The premise here is to work the dent out by shooting small studs on very low heat and penetration around the perimeter of the dent.

Clean the affected area down to bare metal. This is necessary for proper penetration of the stud weld.

Shoot studs around the outermost affected areas of the dent.

Attach hammer to the studs one by one, pulling on them until flush with the rest of the body

Depending on the size of the dent, this may not completely remove the dent, but it will at least pull the outer edge of the dent flush. If this is the case, shoot your next set of studs around the next affected area. Repeat the steps until the entire dent is pulled, working your way from the outer edge to the center.

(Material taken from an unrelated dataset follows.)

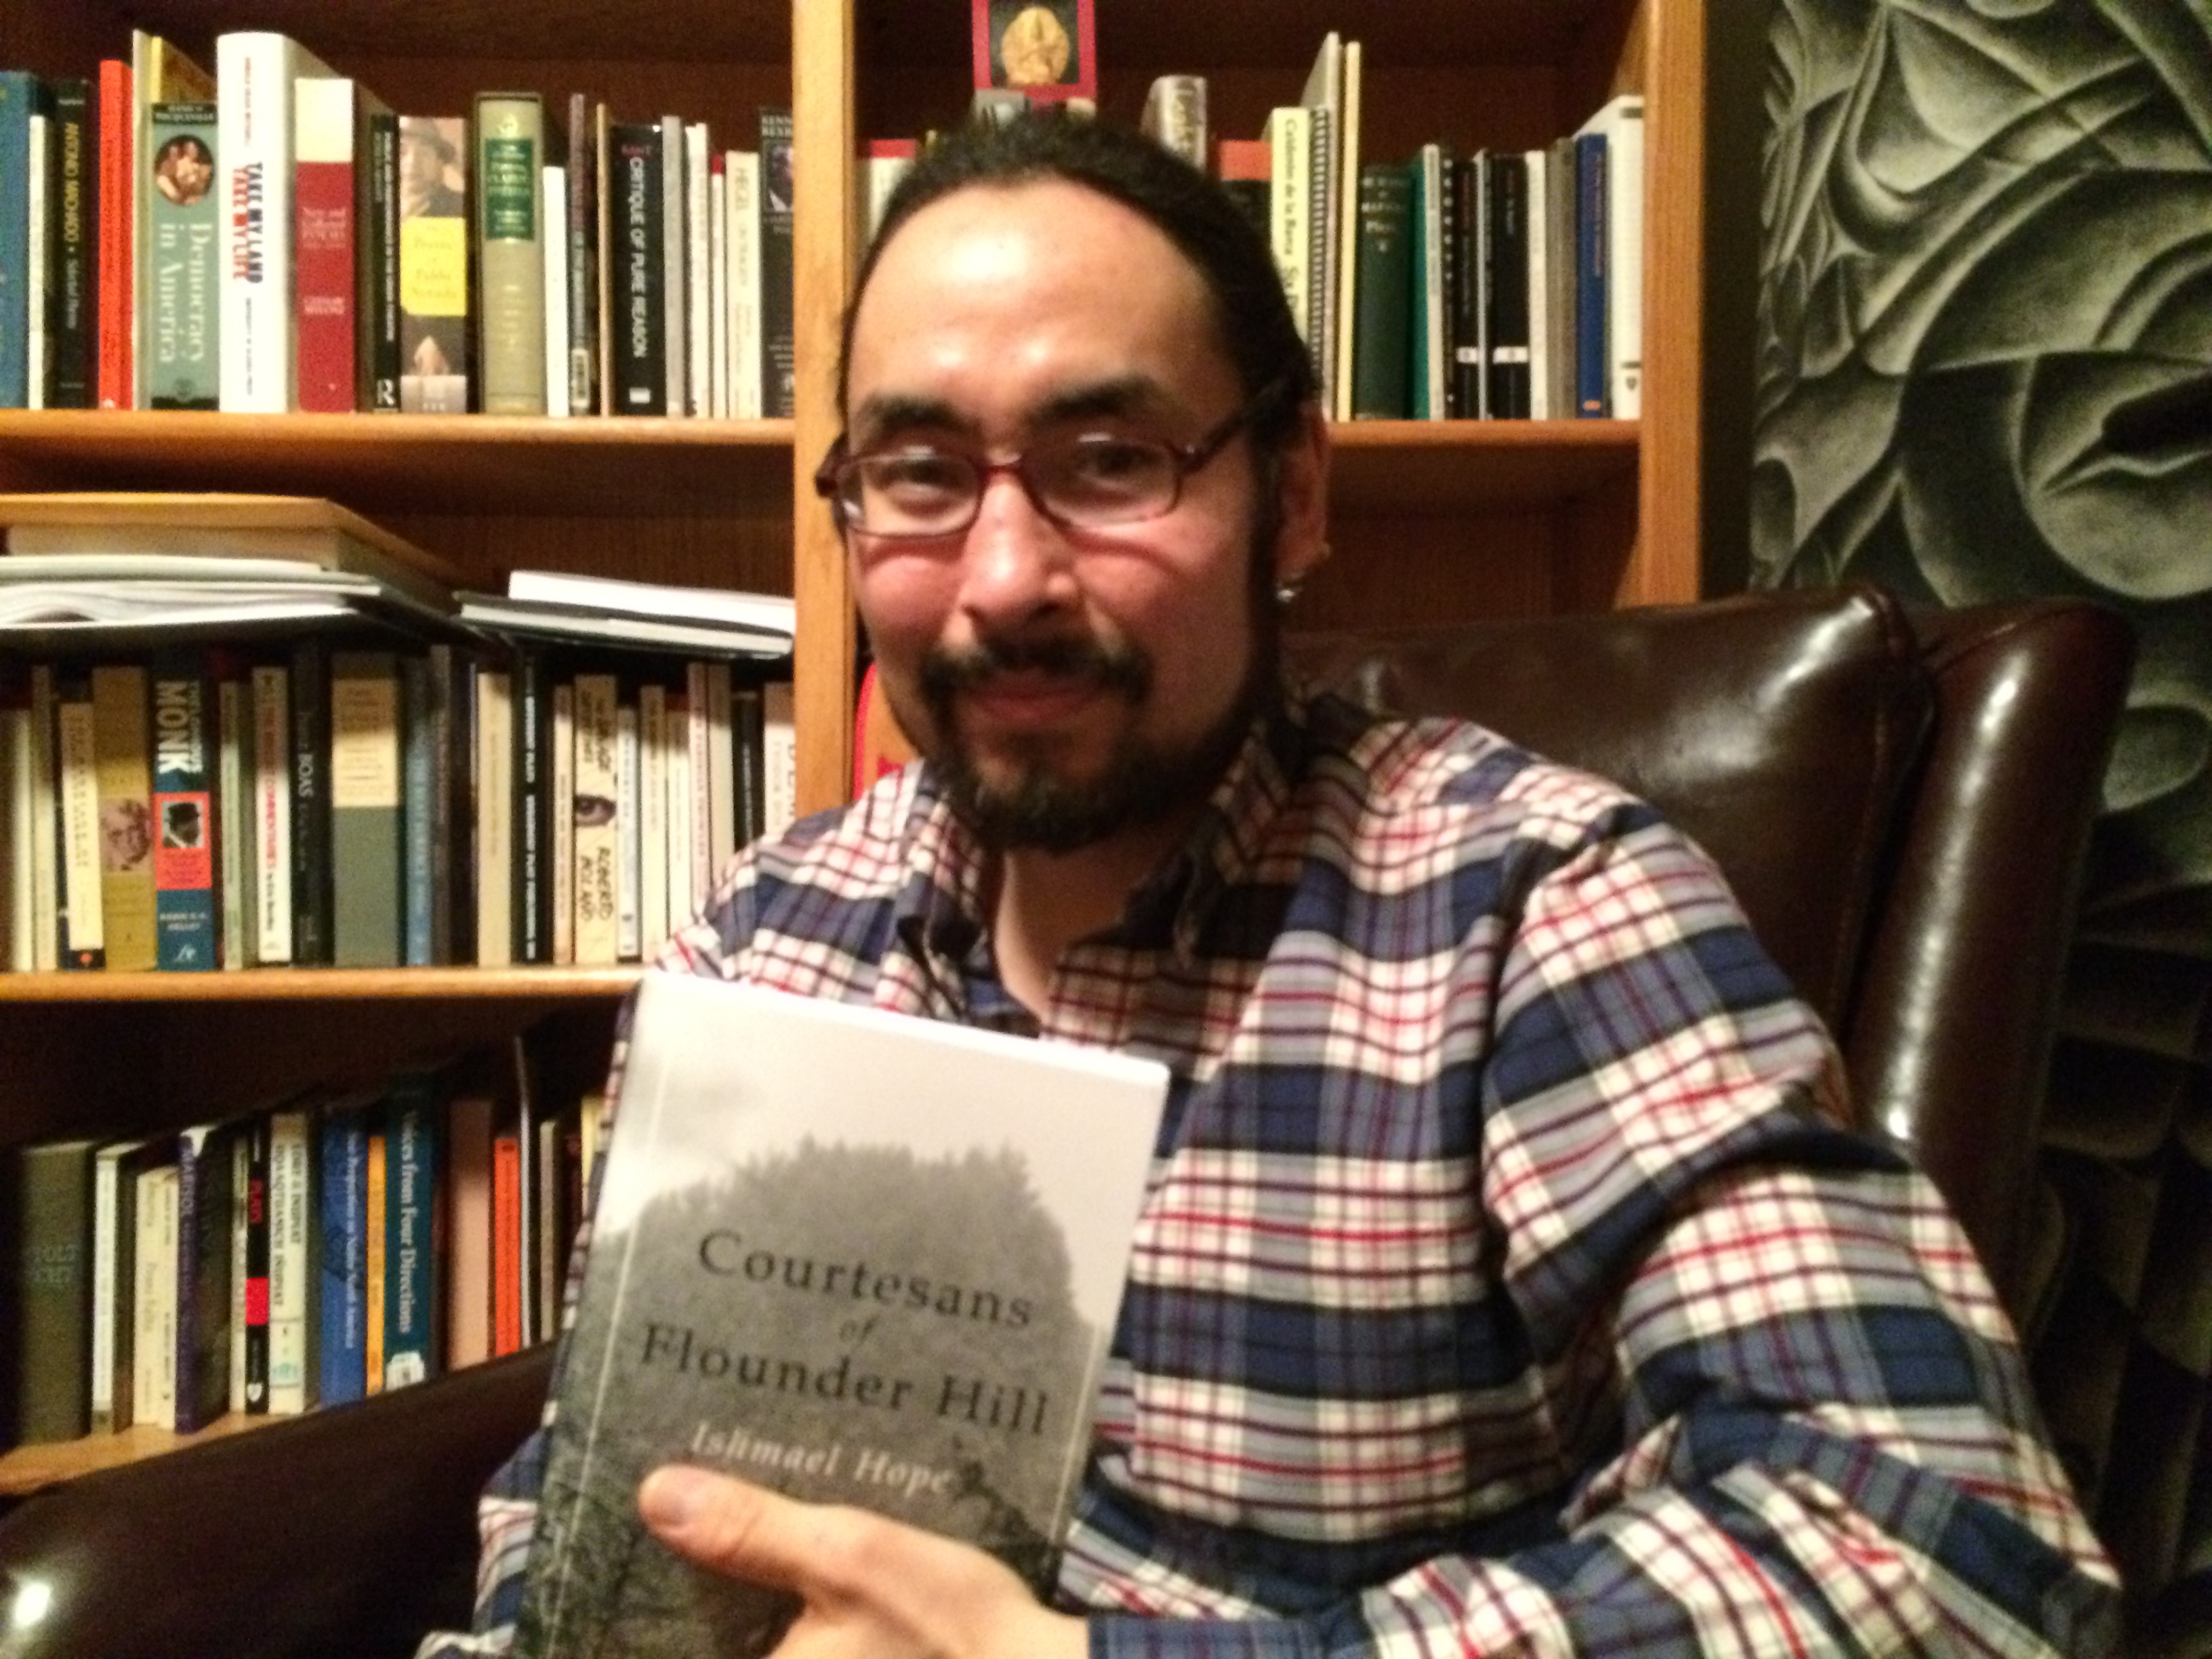 Tlingit and Iñupiaq poet Ishmael Hope with his first collection of poetry "The Courtesans of Flounder Hill". (Photo by Scott Burton/KTOO)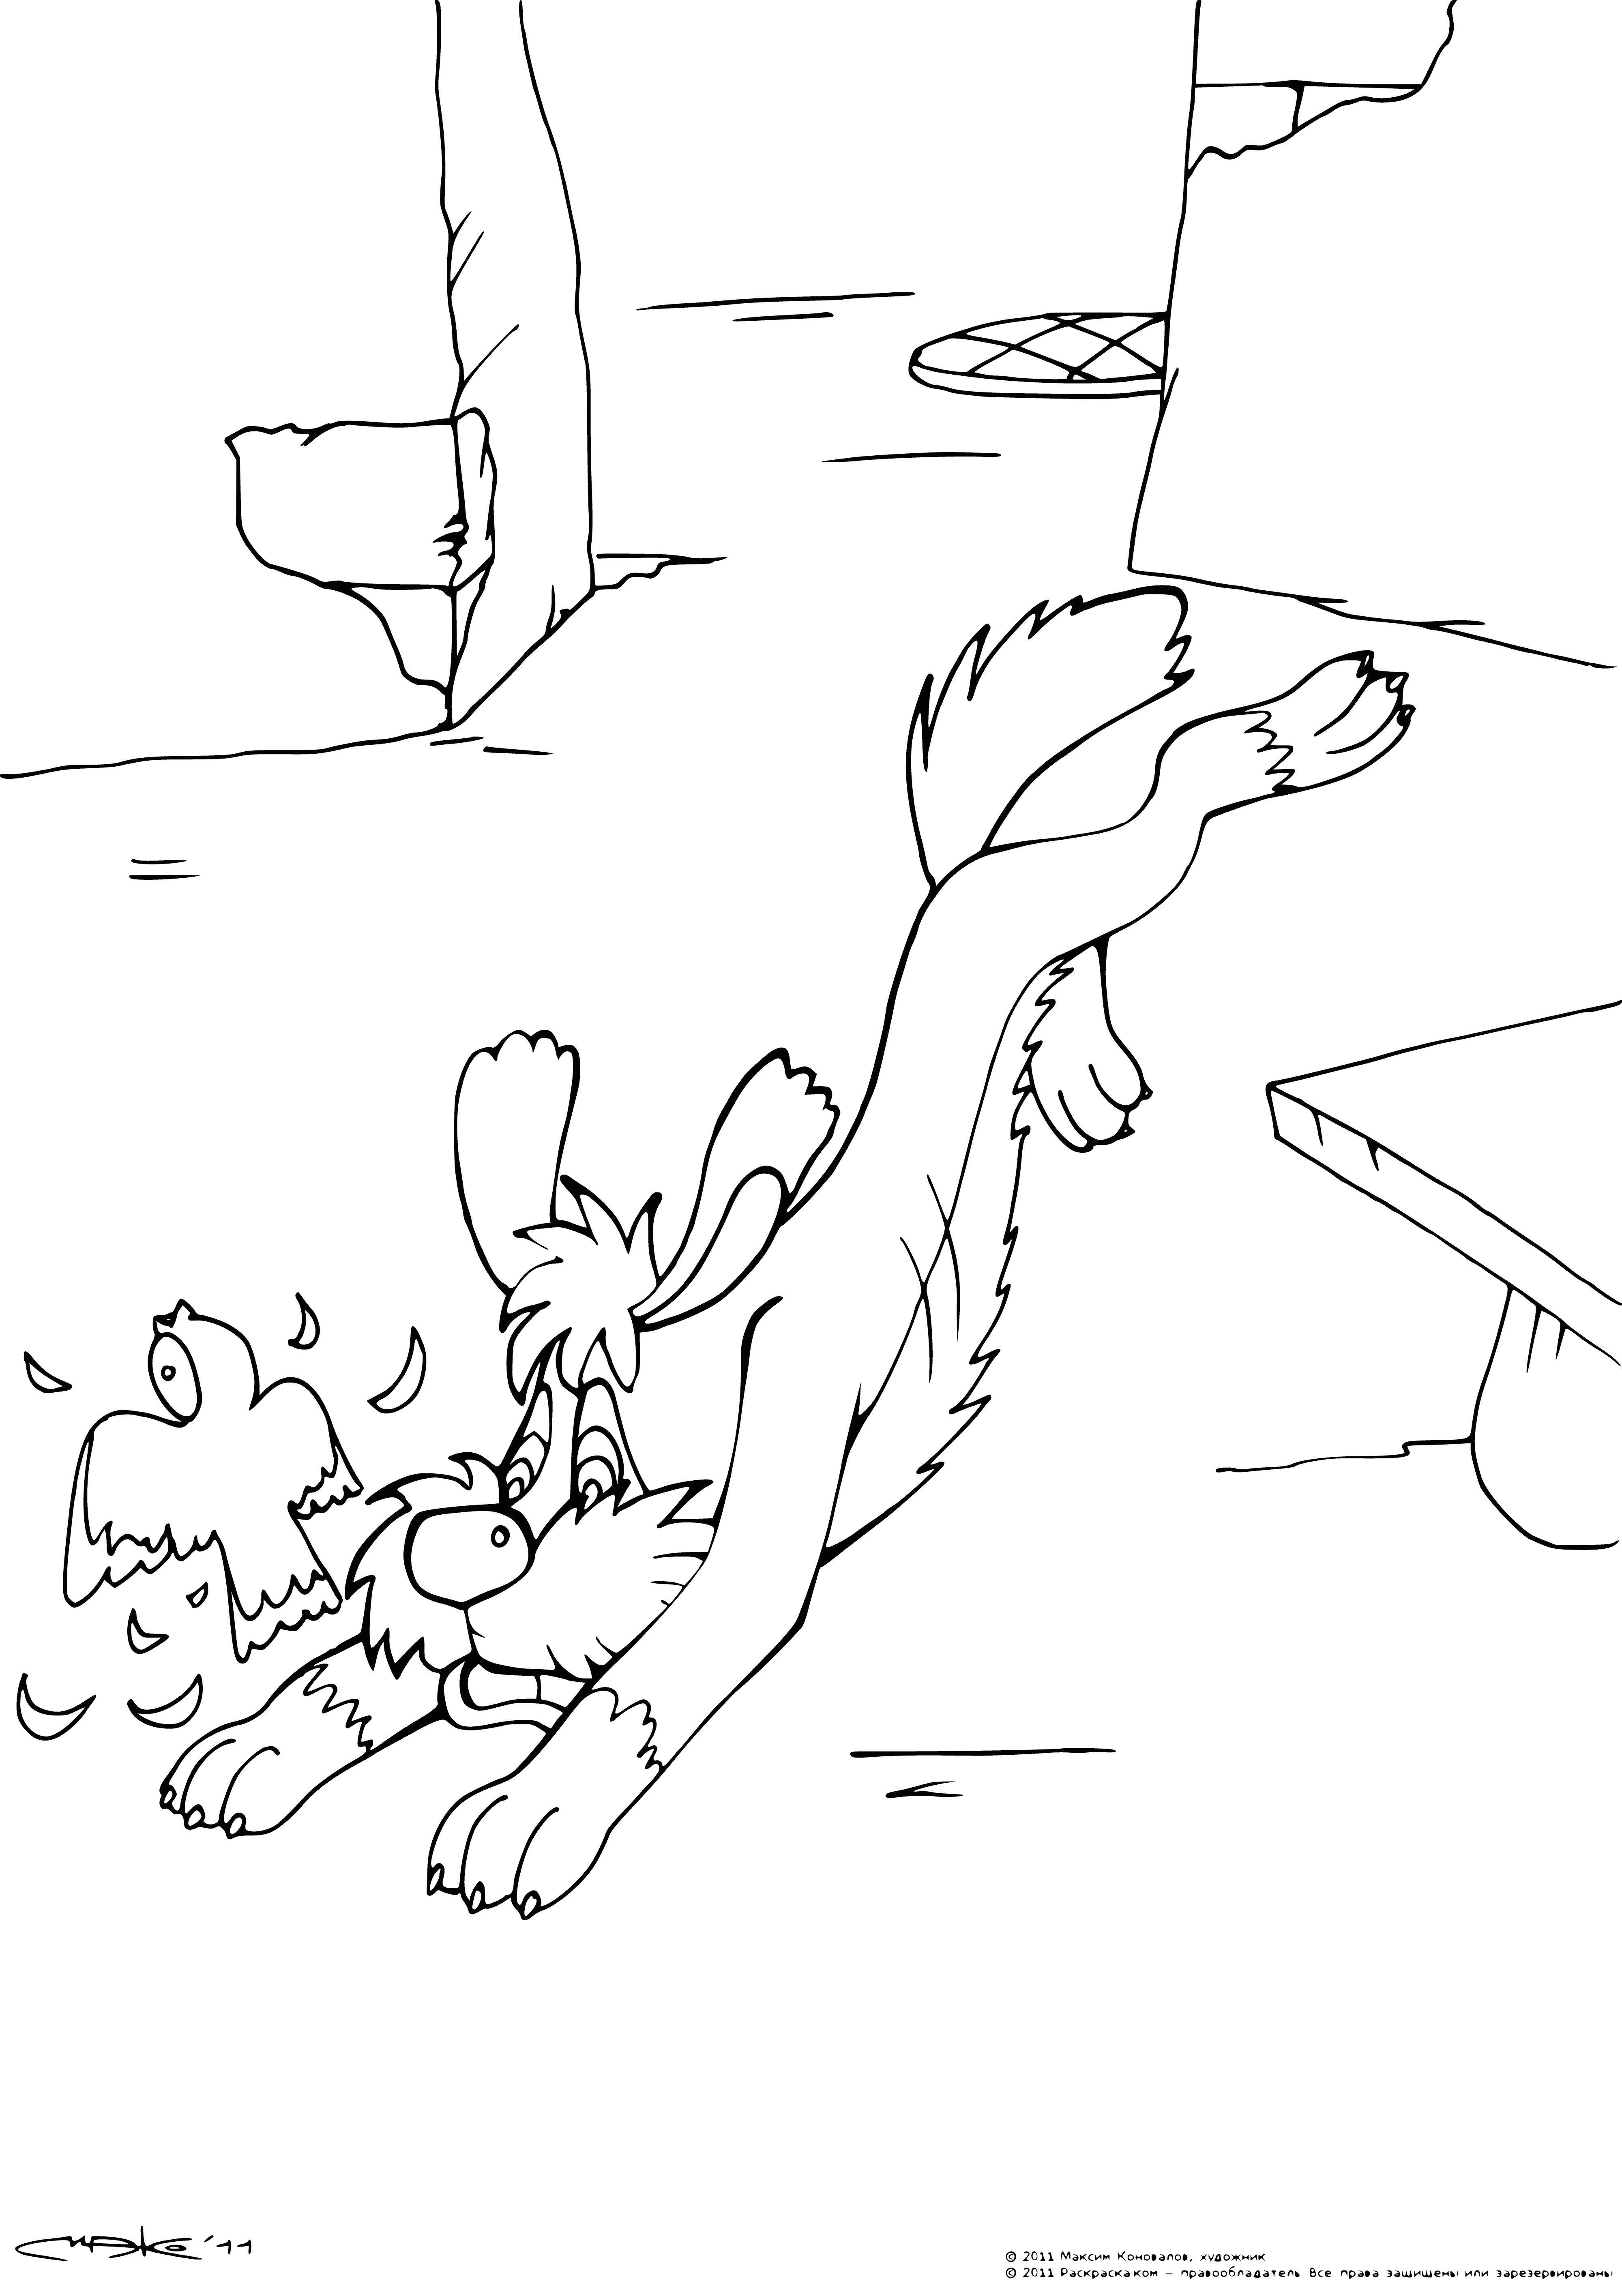 coloring page: Two dogs: small one is panting, big one is barking.

Tap off the studs using a hammer (they will snap right off)

Use your grinder and at least 64 grit ( i recommend 36 grit) to clean down the leftover weld from the studs.

Study the dent. If there are any high spots, hammer them down gently with your sheet metal hammers. If there are any low spots, try shooting a stud in the center of it and pulling it. If there are no other options and the body is not to your perfections, it's time for filler. See method one.

Hot Glue Method, Suction Cup methods ,any other TV paintless method (i.e. Ding King):

I label these together because these are the methods you see advertised on tv and in Pep Boys. The basic premise of these methods rely on using some form of suction to magically suction your dent out. Doesnt always work. The glue methods i've seen tend to leave a sticky residue all over the area and are a pain to clean and end up damaging the paint anyways. These methods also are for smaller dings and dents, although quite honestly, a larger dent is physically easier to pull out than a small dent. Small dents in metal are usually pretty tough and glue or suction cups just don't have the "oomph" to remove them properly. I'd steer clear of these methods, but it's your call. Might work, might not

Hole Drilling Method:

This is a method that was concieved by old school body shops for fixing classic and old school cars. Of course as you all know, back then the sheetmetal on these cars was quite a bit thicker. On newer or import cars, drilling a hole in your sheetmetal may ruin it, and i personally would be hesitant to use this method on a cb7. Please note this method is also assuming you can get behind the dent.

Drill a small hole in the center of the dent, but large enough to get the dent puller tip thru.

Insert dent pulling tool

The dent puller works like a slide hammer, and theoretically you can pull it till the dent "pops"

Get behind the dent and hammer it out carefully using various sheetmetal hammers till smooth

Fill the drill hole with Filler, sand smooth, primer and paint.